FiveThirtyEight.com has looked at violent crime data out of Chicago after the video of Laquan McDonald’s murder was released. They found a (statistically) significant increase in violent crimes, correlated with a decrease in proactive police behaviour (here measured by a decrease in police patrols and stops). They weren’t able to tease out the root cause of the decrease in proactive policing (it could have been the release of the new video or an increase in the amount of paperwork officers now must do after interacting with the public). The increase in violent crime bucks seasonal trends and can’t be blamed on a warmer than average winter – winters even warmer than the last one have seen no large spike in deaths.

This should not be surprising in light of the earlier sections. When the police are proactive, it is clear that the state has a monopoly on violence and is willing to use it. But as the police retreat and arrests go down, we see both the effects of different groups competing to fill the void and reprisal killings (which are much more difficult when suspects are behind bars).

I don’t wish to say that the answer to all violent crime is more police patrols and more random stops. As the FiveThirtyEight article points out, there are costs associated with proactive policing. Sometimes police tactics labelled as proactive are also unconstitutional. Opposing unconstitutional police tactics – even if they reduce violence – is one of the trade-offs around violence I discussed earlier and one I strongly endorse. If alienation, segregation, and police violence is the price we pay for a reduction in violence through proactive policing, then I would believe it to be a price not worth paying.

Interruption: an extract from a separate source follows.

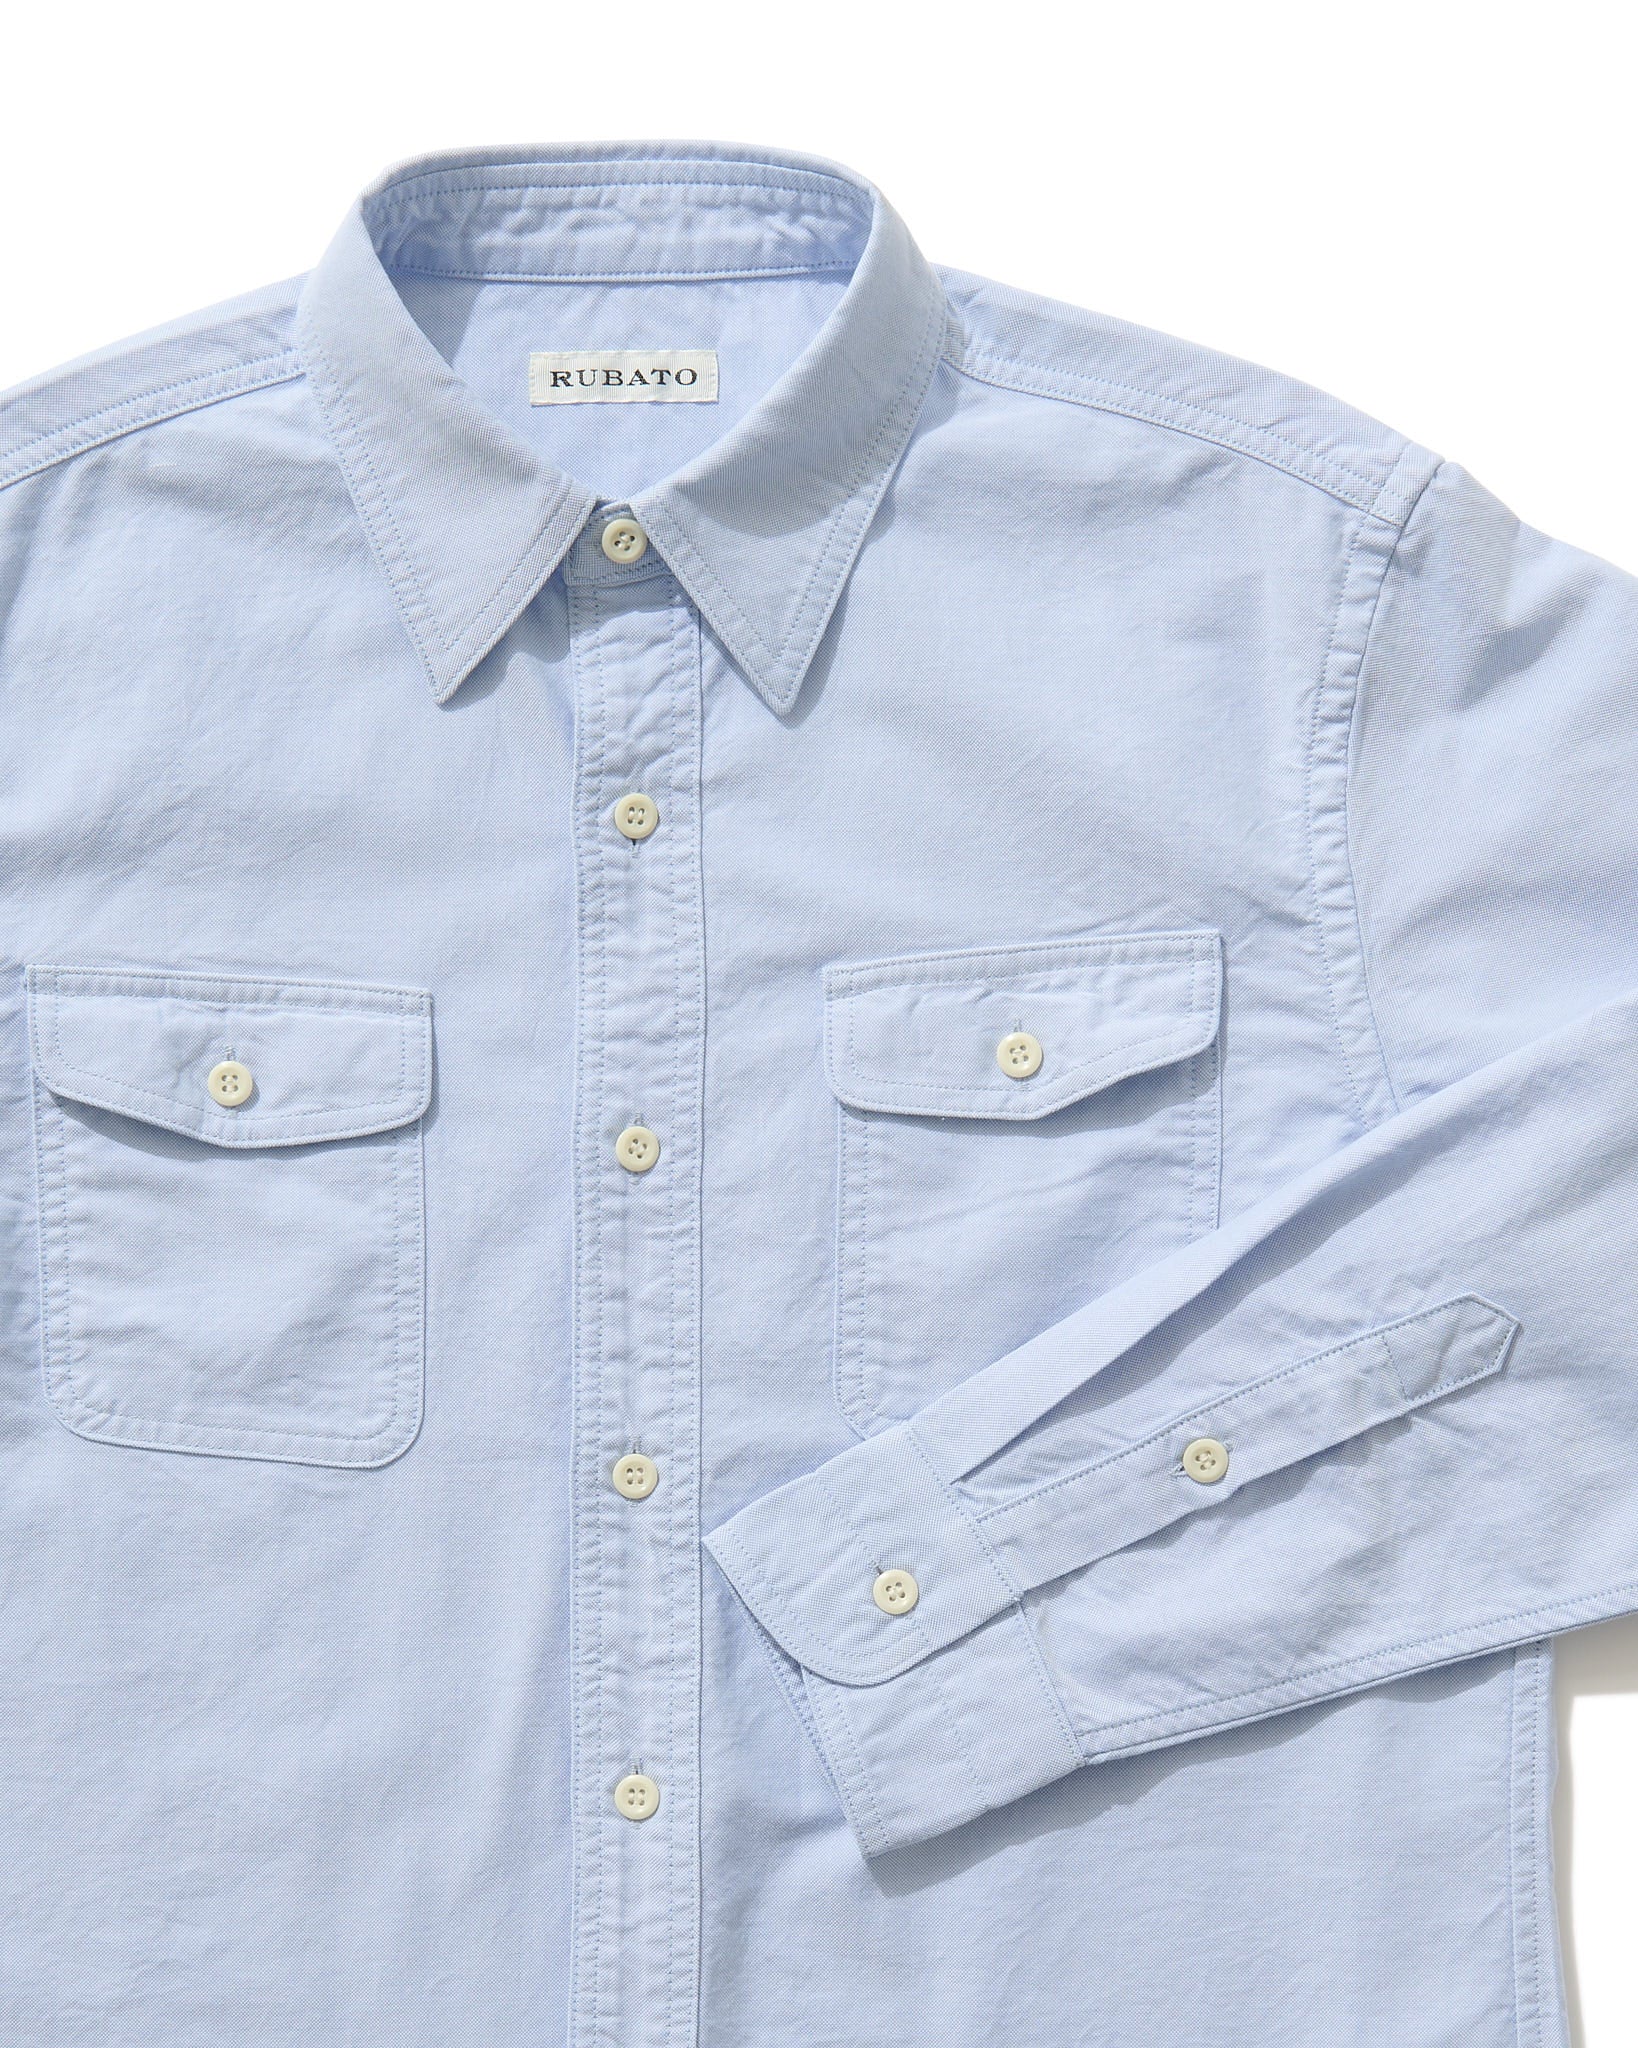 "R" Shirt in New Haven Blue Oxford

Some police tactics should be off the table in a free and democratic society, even if they provide short term gains.

But if, on the other hand, proactive policing saves lives without damaging communities and breeding alienation, then I would oppose rolling back these policies. One article in a newspaper – even one renowned for its statistical acumen – isn’t enough to drive public policy. More research on the costs and benefits of various policing programs, including controlled studies is desperately needed. To this end, the lack of a centralized police shooting database in the United States is both a national tragedy and a national disgrace.

A Legitimate State Monopoly Over the Means of Violence

The modern definition of a state acknowledges that it must have a monopoly on the means of violence within a territory. Without this monopoly, a state is powerless to do most of the things we associate with a state. It cannot enforce contracts or redistribute wealth. It cannot protect the environment or private property rights. I have yet to see a single serious policy proposal that adequately addresses how these could be accomplished without police.

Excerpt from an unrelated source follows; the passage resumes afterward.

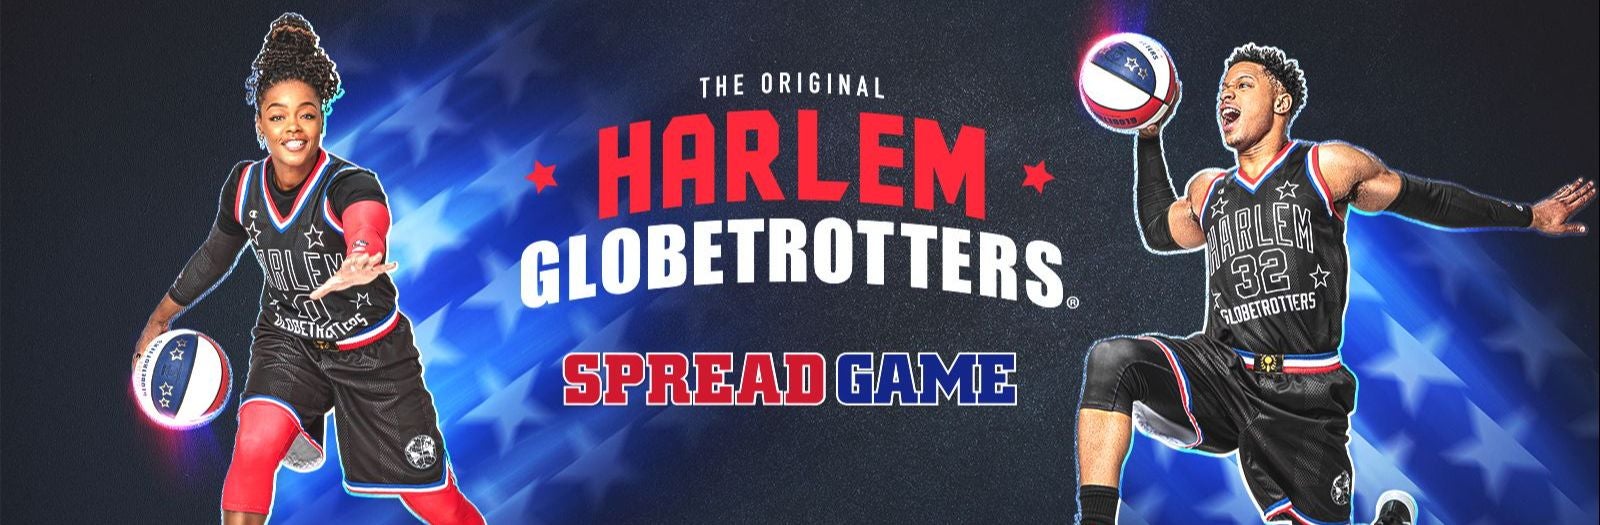 Tonight: Harlem Globetrotters - Spread Game Tour

This is all not to say that the current spate of police shootings is tolerable or should be tolerated. Free and open societies can and must expect better behaviour from those they empower with the ability to use violence in undertaking the aims of the state.

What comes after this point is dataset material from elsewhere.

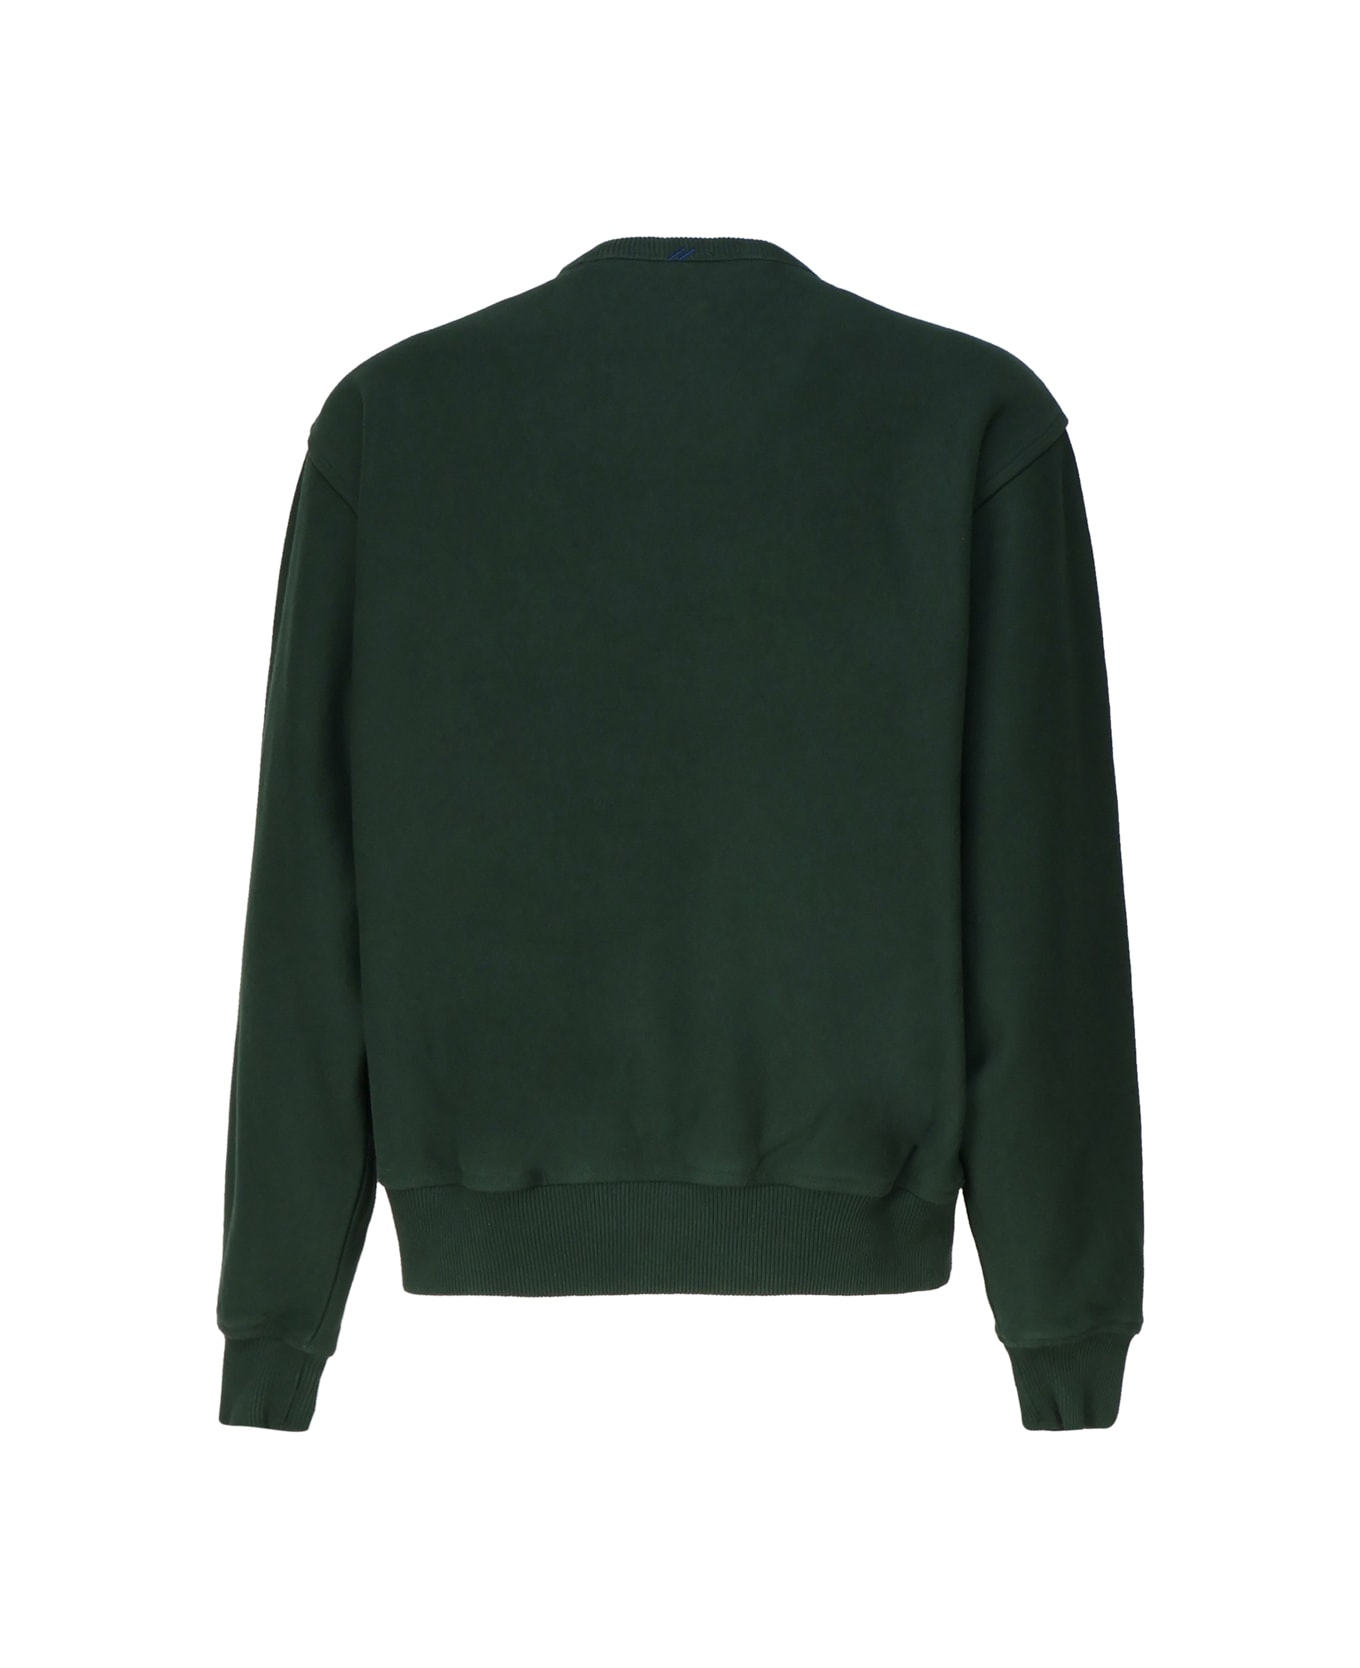 Burberry Logo Embroidered Ribbed Sweatshirt - Ivy

As citizens of a free and democratic society, we should continue to pressure our leaders to accept and perpetrate less violence. But we also must acknowledge that the bedrock our society is built on is the threat of physical force. This doesn’t make our society inherently illegitimate, but it does mean we must always be contemplative whenever we empower anyone to use that force – even if they’re people we otherwise agree with and especially when force is used primarily against the most vulnerable members of society.

We should fight for a society where the government holds only a legitimate monopoly on the means of violence. Where violence is used only when truly necessary and not a moment sooner. Where security forces are truly subservient to civilian leaders. Where police shootings of unarmed civilians are an aberration, not a regular occurrence. We aren’t there yet. But we could be.

Epistemic Status: Ethics


[1] Trade-offs between different rights are the proper territory of legislation and acknowledging this is separate from the harmful moral relativism that has infected leftist rhetoric on international relations. There is a distinct difference between trade-offs among competing rights and a fearful refusal to acknowledge universal and inalienable human rights.